Concurrently with this transaction, the Company is raising up to $3,500,000 by the issuance of up to 10,000,000 units at a price of $0.35 cent unit with each unit consisting of one common share and one-half of one share purchase warrant. Each full warrant will entitle the holder to purchase one common share at a price of $0.70 per share for a period of one year from closing of the financing. The financing is expected to close on or about September 25, 2020.
Ian Herbranson, P.Geo, is a consultant for the Company, shareholder, and qualified person as defined by National Instrument 43-101. Mr. Herbranson supervised the preparation of the technical information in this news release.
About Mariner Resources Corp.
Mariner Resources Corp. is a Canadian mineral exploration company focused on the acquisition and development of mineral projects in Newfoundland, Canada. The company currently holds the Middle Ridge, True Grit, Great Bend, Mt.

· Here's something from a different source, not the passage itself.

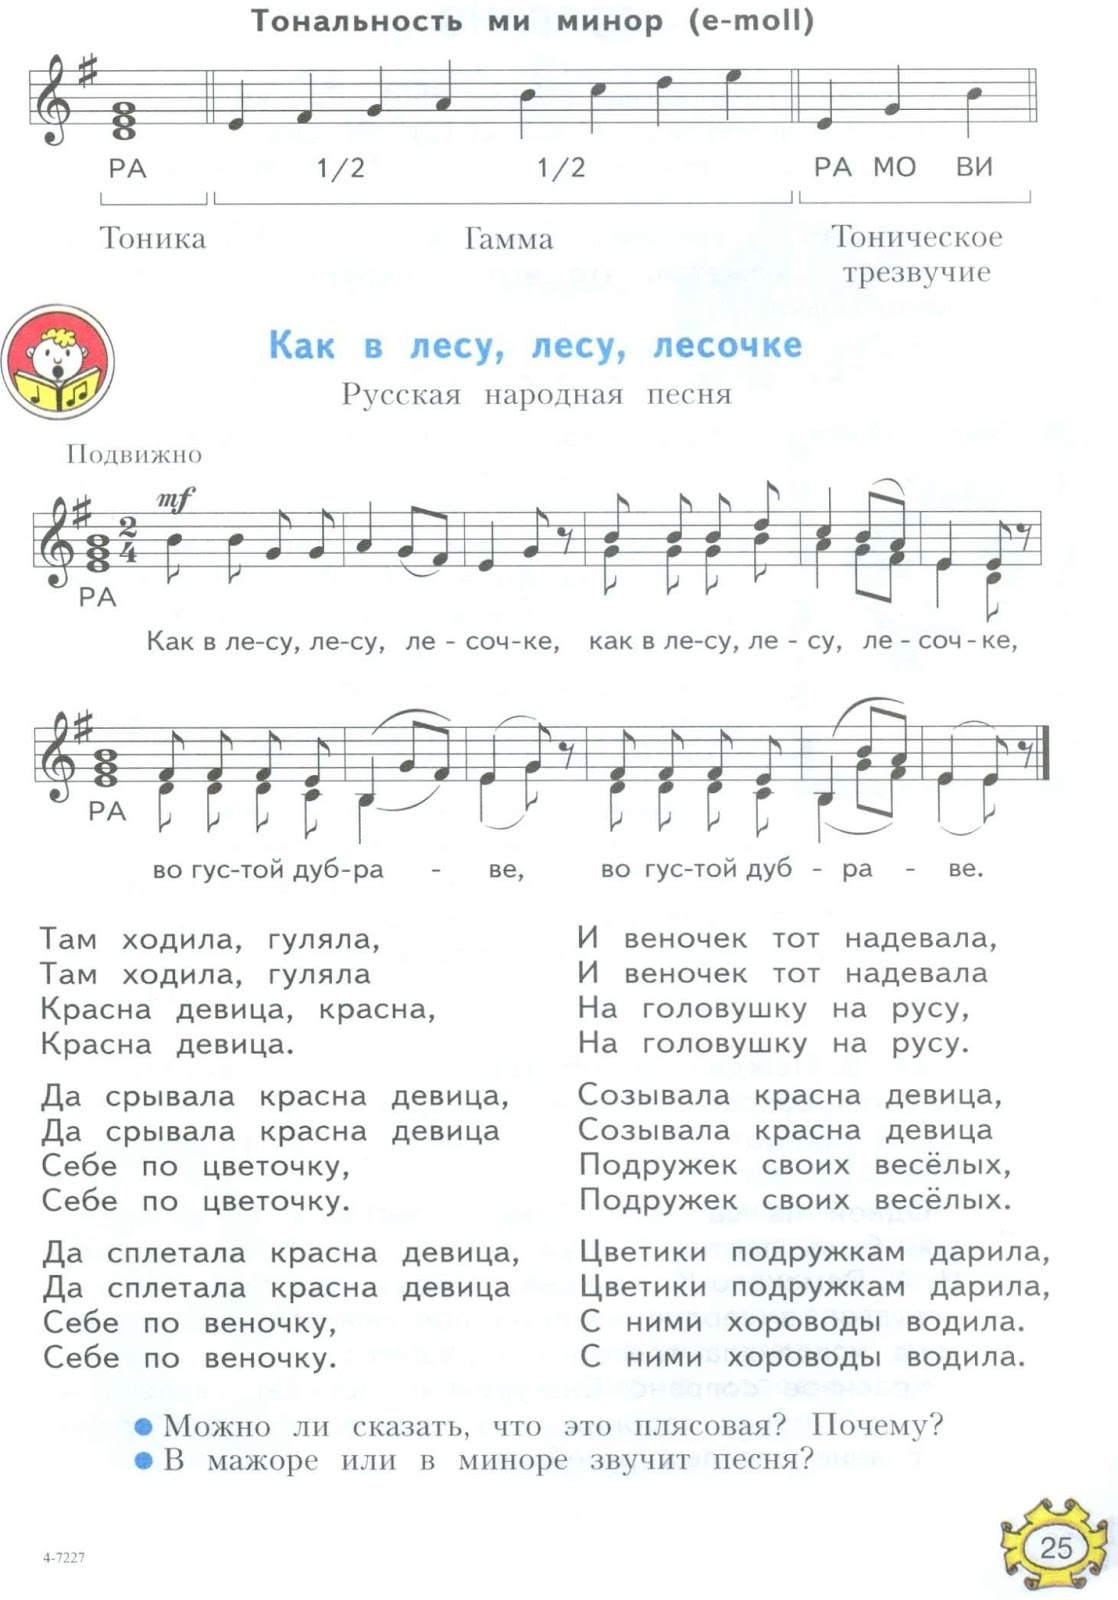 КАК В ЛЕСУ ЛЕСОЧКЕ ВЫРОСЛИ ГРИБОЧКИ ПЕСНЯ СКАЧАТЬ БЕСПЛАТНО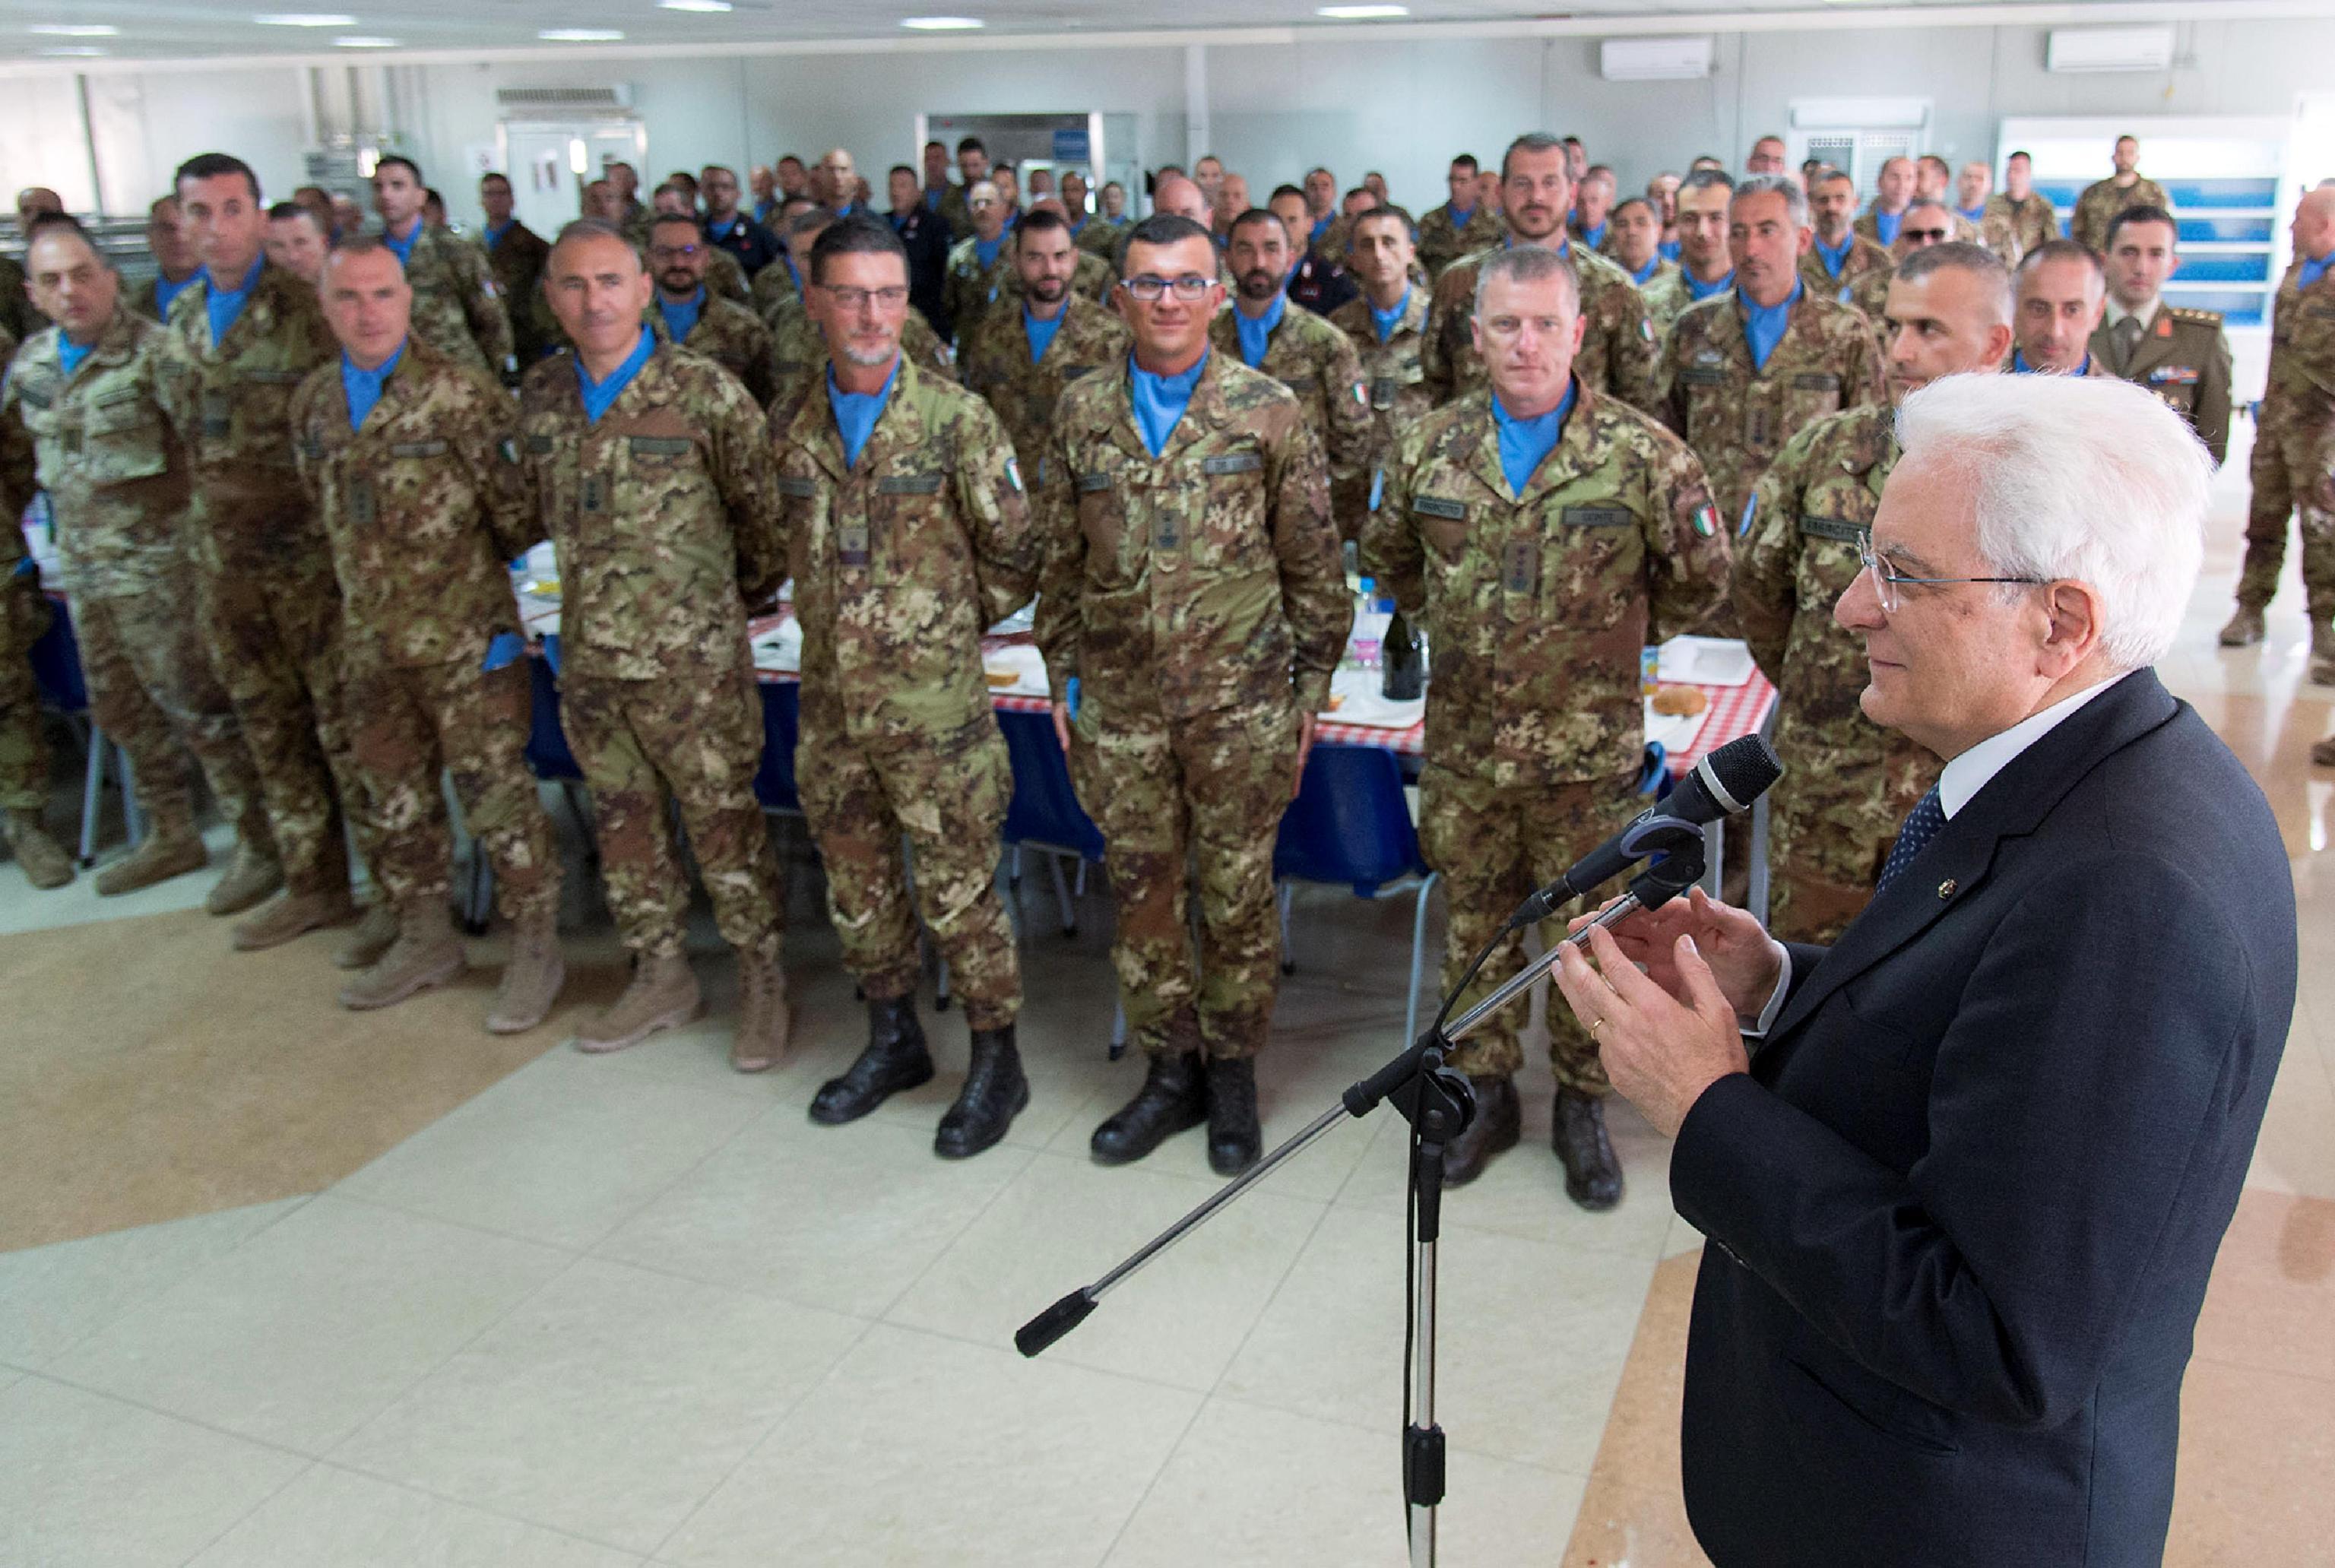 Esercito, requisiti fisici non più vincolanti: avremo soldati con la pancetta?

Peyton North & Shirley Lake, Gazeebow and Dog Bay projects, which cumulatively cover an area of 1,168.75 km². With this new acquisition, the company will cumulatively hold 1,525.25 km². All projects lay within the Exploits Subzone and Gander River Ultramafic Belt (GRUB) of the Dunnage Zone, which contain the majority of Newfoundland's gold mineral occurrences and exploration efforts, including New Found Gold's 2019 discovery of 92.86 g/t Au over 19.0 meters near surface. The Exploits Subzone and GRUB regions have been the focus of major staking and financing throughout 2020, with increased exploration activities forecasted in the area moving into 2021.
ON BEHALF OF THE BOARD
/s/ "Michael Collins "
President and CEO
For further information, please contact:
Michael Collins, CEO
Tel: (604) 681-3170
Neither the Canadian Securities Exchange nor its Regulation Service Provider (as the term is defined in the policies of the Canadian Securities Exchange) accepts responsibility for the adequacy of accuracy of this news release.
This news release contains certain forward-looking statements, which relate to future events or future performance and reflect management's current expectations and assumptions. Such forward-looking statements reflect management's current beliefs and are based on assumptions made by and information currently available to the Company. Readers are cautioned that these forward-looking statements are neither promises nor guarantees, and are subject to risks and uncertainties that may cause future results to differ materially from those expected including, but not limited to, market conditions, availability of financing, actual results of the Company's exploration and other activities, environmental risks, future metal prices, operating risks, accidents, labor issues, delays in obtaining governmental approvals and permits, and other risks in the mining industry. All the forward-looking statements made in this news release are qualified by these cautionary statements and those in our continuous disclosure filings available on SEDAR at www.sedar.com. These forward-looking statements are made as of the date hereof and the Company does not assume any obligation to update or revise them to reflect new events or circumstances save as required by applicable law.